4.1.3 Placing finger in the non-neighboring strings
As the previous paragraph, placing fingers in the non-neighboring strings must be performed without any unnecessary movement of hand.
Player’s wrist while changing from bass string to non-neighboring tenor string, should not be twisted to right. Also it is not necessary to move out forearm from the fingerboard toward right.

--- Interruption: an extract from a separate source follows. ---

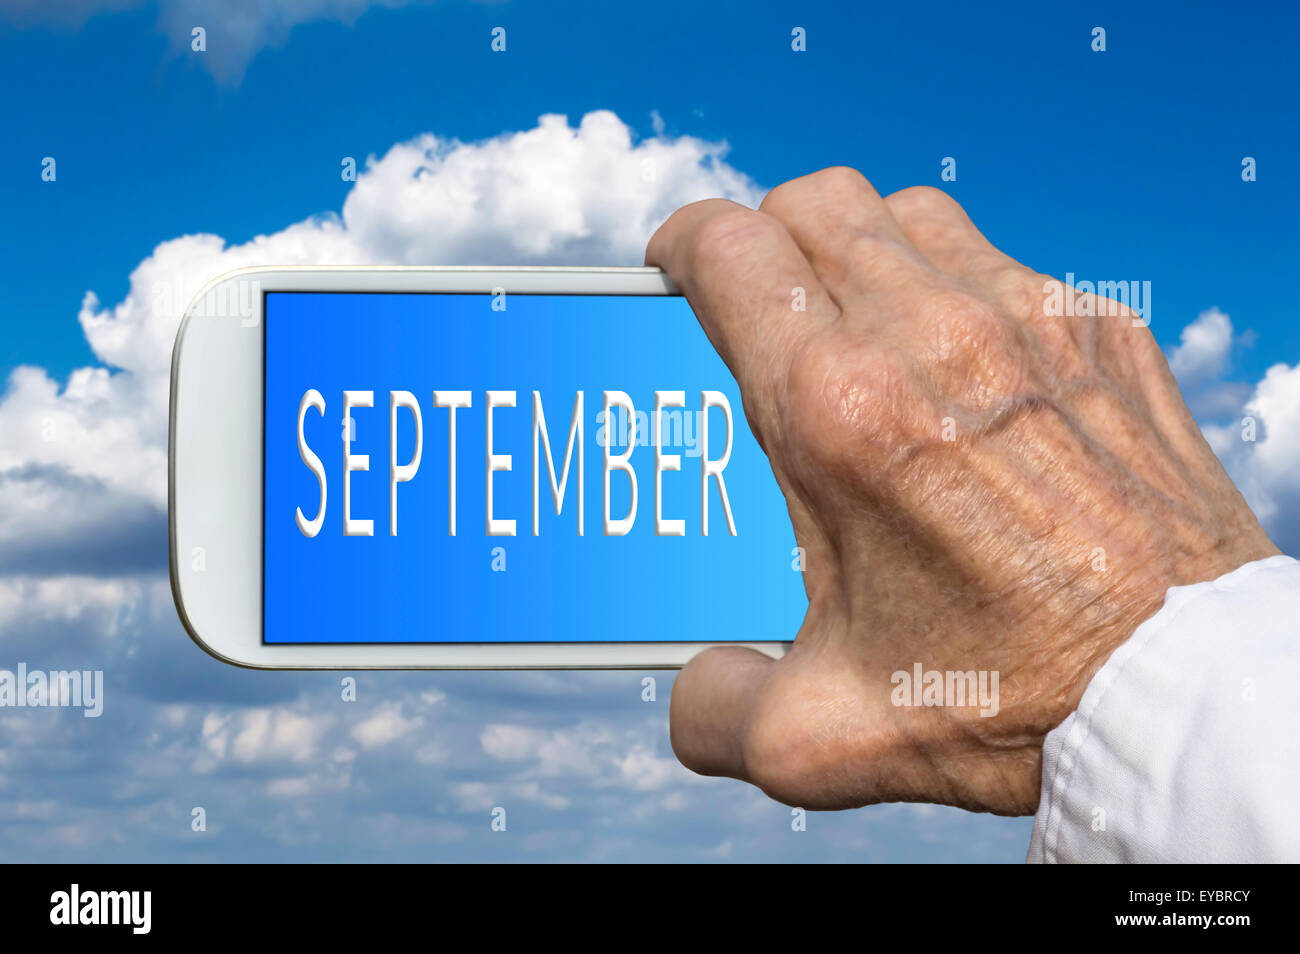 Smart phone in mano vecchia con il mese dell'anno - Settembre sullo schermo. Messa a fuoco selettiva. Foto Stock

1.4.1.3 when we need left hand in a specific position so that a finger immediately after playing a string is placed on a neighboring or non-neighboring string, and on the other hand, the linear distance of finger from the nut is not changed, it is necessary to be very careful about the exact place of finger (such as playing Do natural in the first position of G string immediately after La natural in the same position of E string with the third finger in the Do major scale).

Considering the last three principles mentioned above, that is twisting hand toward fingerboard (1.1.2 paragraph), avoiding unnecessary movements of left hand for placing finger on the fingerboard and the necessity of placing finger on the fingerboard from the left half of the fingertip (3.1.2.3 paragraph), each finger while opening (placing finger from tenor string to bass string), or closing (placing finger from bass string to tenor string) goes through an oblique path in relation to the direction of fingerboard. However, to use a finger on neighboring strings is much easier than to place finger on an immediately non-neighboring string; because in the first case, finger spends a shorter oblique path on the fingerboard.

If player places finger from tenor string to bass string, it is necessary to bend finger before placing it on the fingerboard and in the opposite state before placing finger on the tenor string, it should be opened .

Although the amount of opening and closing a finger consciously by the player is not so much, giving much attention to this point results in producing an exact note.

2.4.1.3.another point helping greatly to place fingers at non-neighboring strings is to consider the distance between player’s left hand and the base of the instrument’s neck (see notification 11). If this point is not considered by the player and he holds her hand away from the balanced distance between left hand and the fingerboard, then the process of finger placing at neighboring strings would be troubled and the fingertips would not touch the fingerboard (see paragraph 3.1.2.2).

There is a false assumption among some players that the more they keep their left hand away from the fingerboard, the more would be their dominance over the process of finger placing when they desire to change string. However, quite vice versa, it would lead to less dominance on finger placing.

Doubles playing (tenth interval)

Doubles playing (tenth interval)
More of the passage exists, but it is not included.